▸ INPUT DATA:
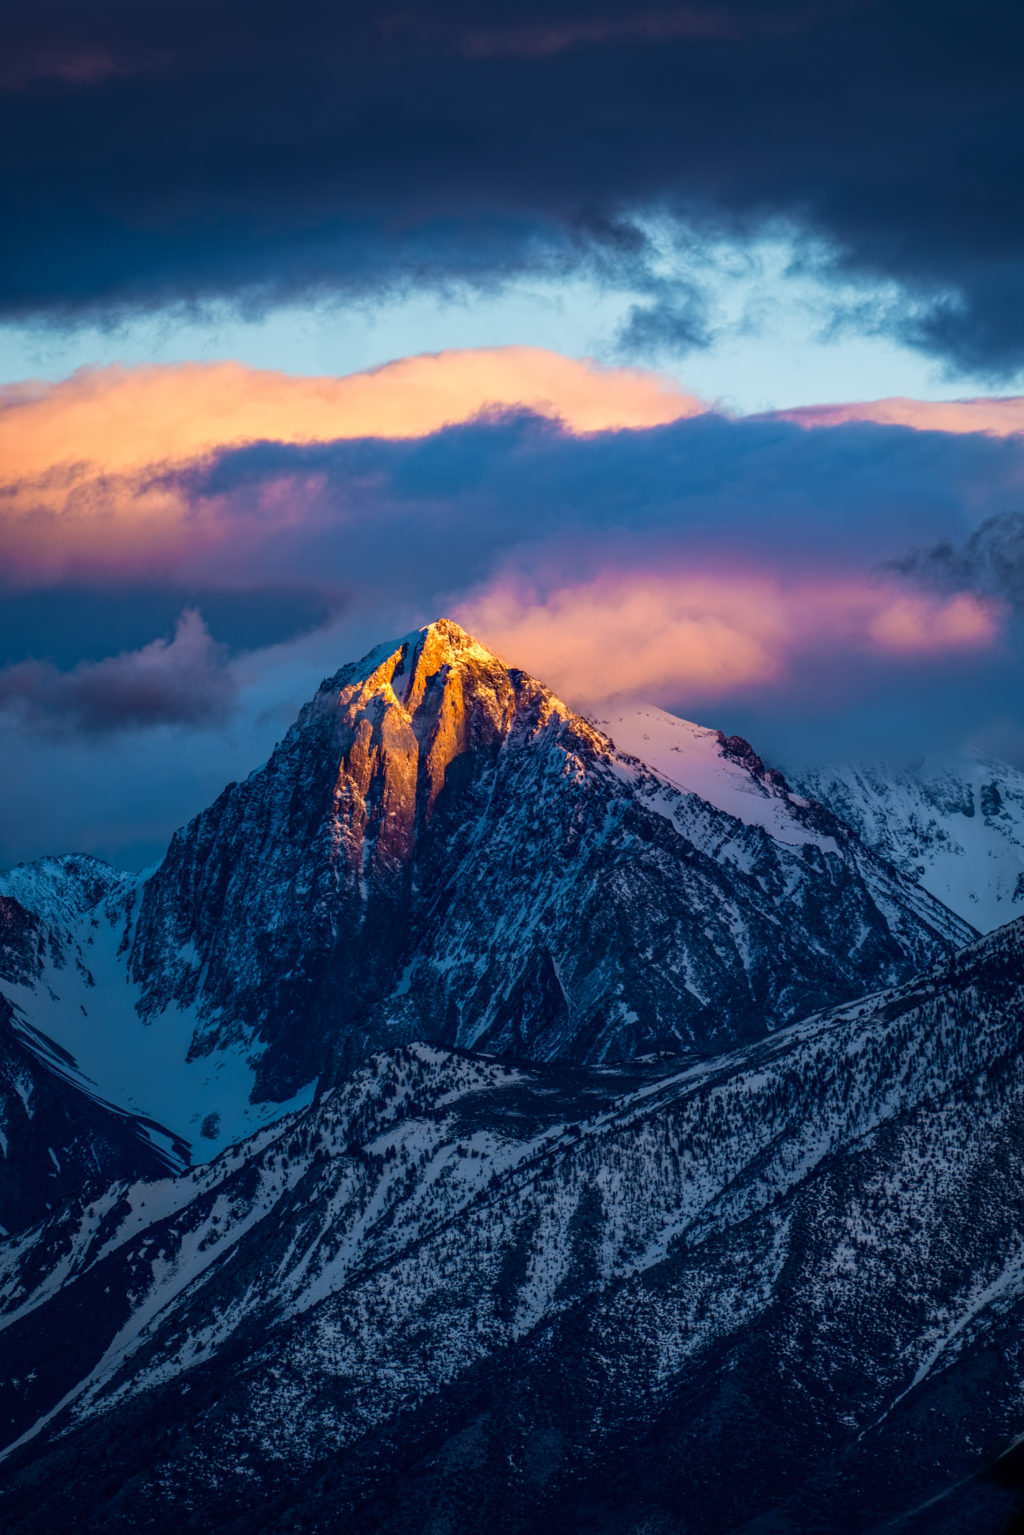 Mt. Morgan, California: Photo by Andy Best: Photo by Andy Best
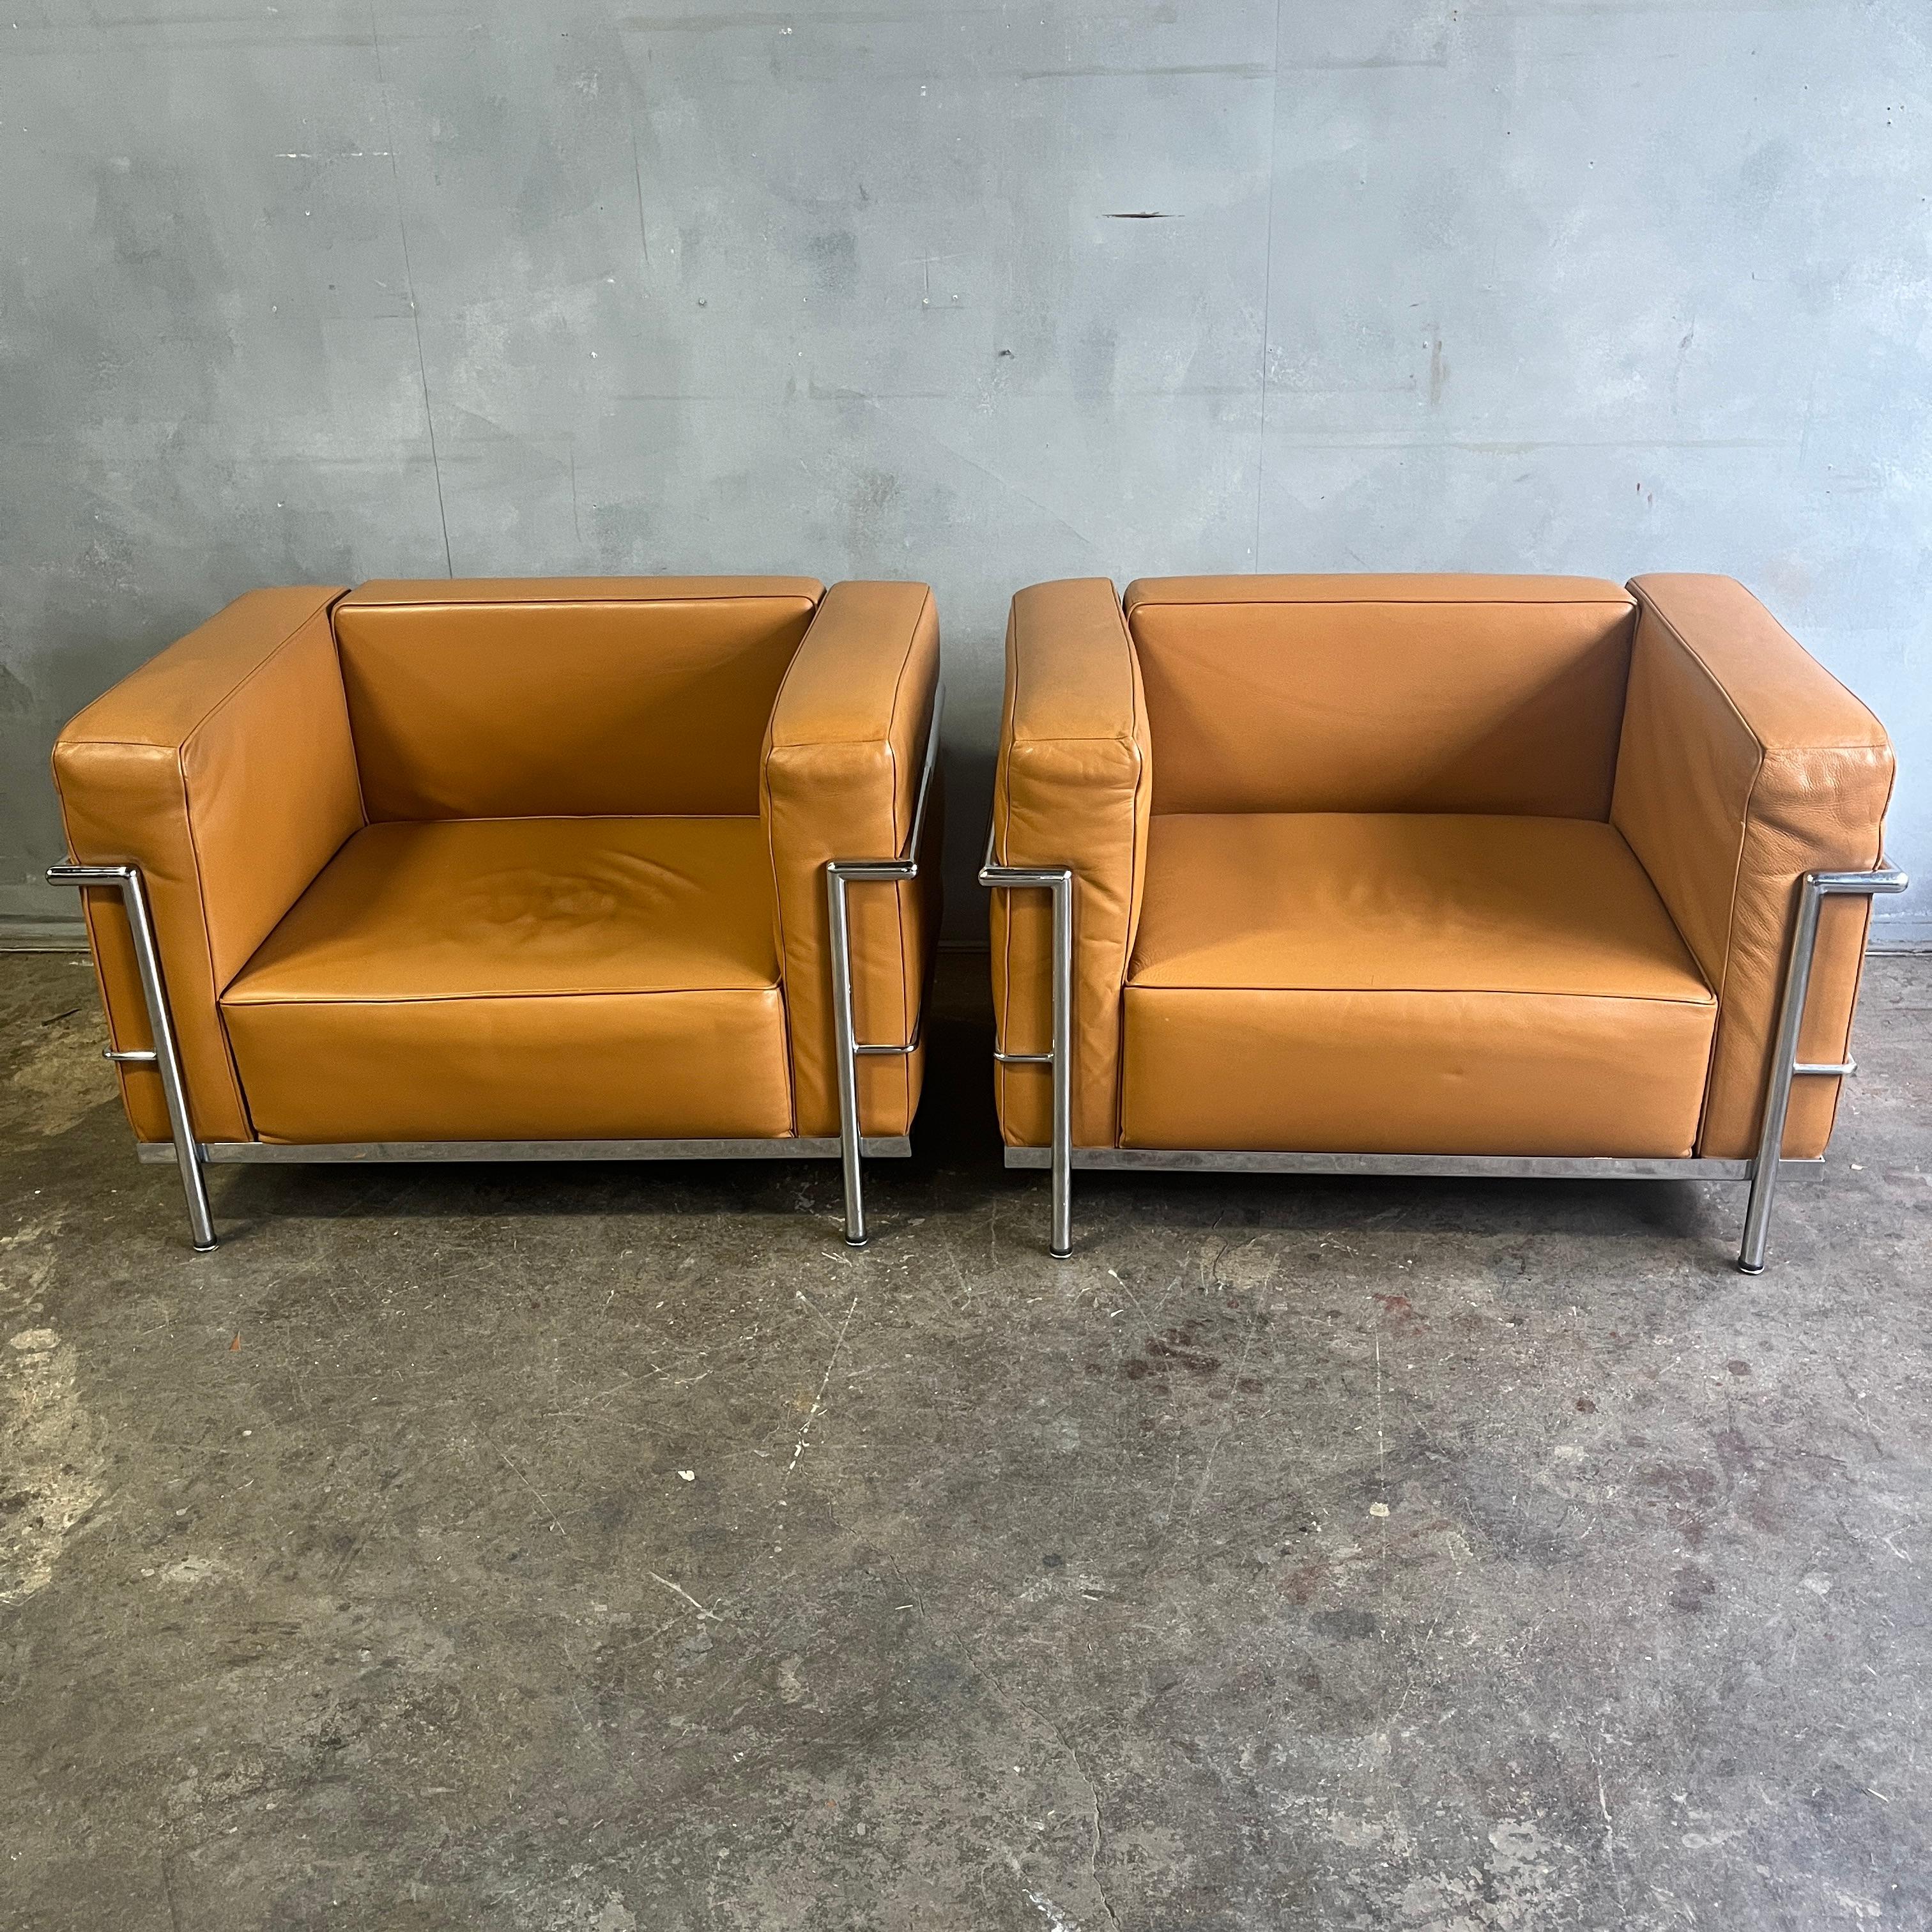 A pair of lounge or club chairs by Le Corbusier, LC3 Grand Confort in Tobacco Leather / saddle brown. Triple chrome plated steel. Gordon International

Labeled.
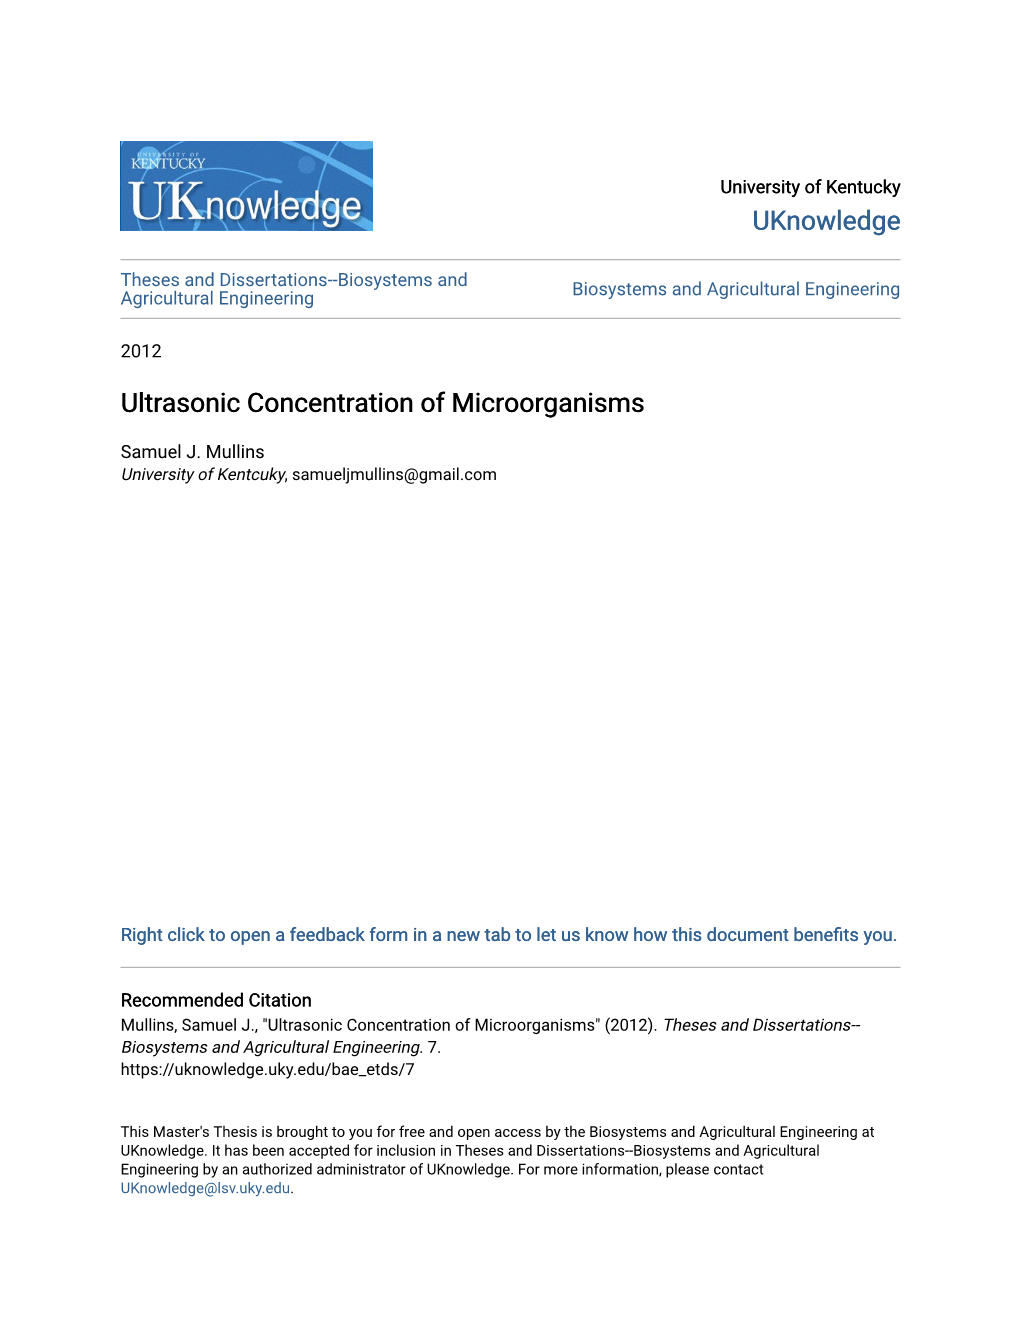 Ultrasonic Concentration of Microorganisms

▸ WORK ITEM: Every line of the data above should be repeated exactly. Omit the pictures.

▸ EXERCISE OUTPUT:
 Mt. Morgan, California: Photo by Andy Best: Photo by Andy Best
 A pair of lounge or club chairs by Le Corbusier, LC3 Grand Confort in Tobacco Leather / saddle brown. Triple chrome plated steel. Gordon International

Labeled.
 Ultrasonic Concentration of Microorganisms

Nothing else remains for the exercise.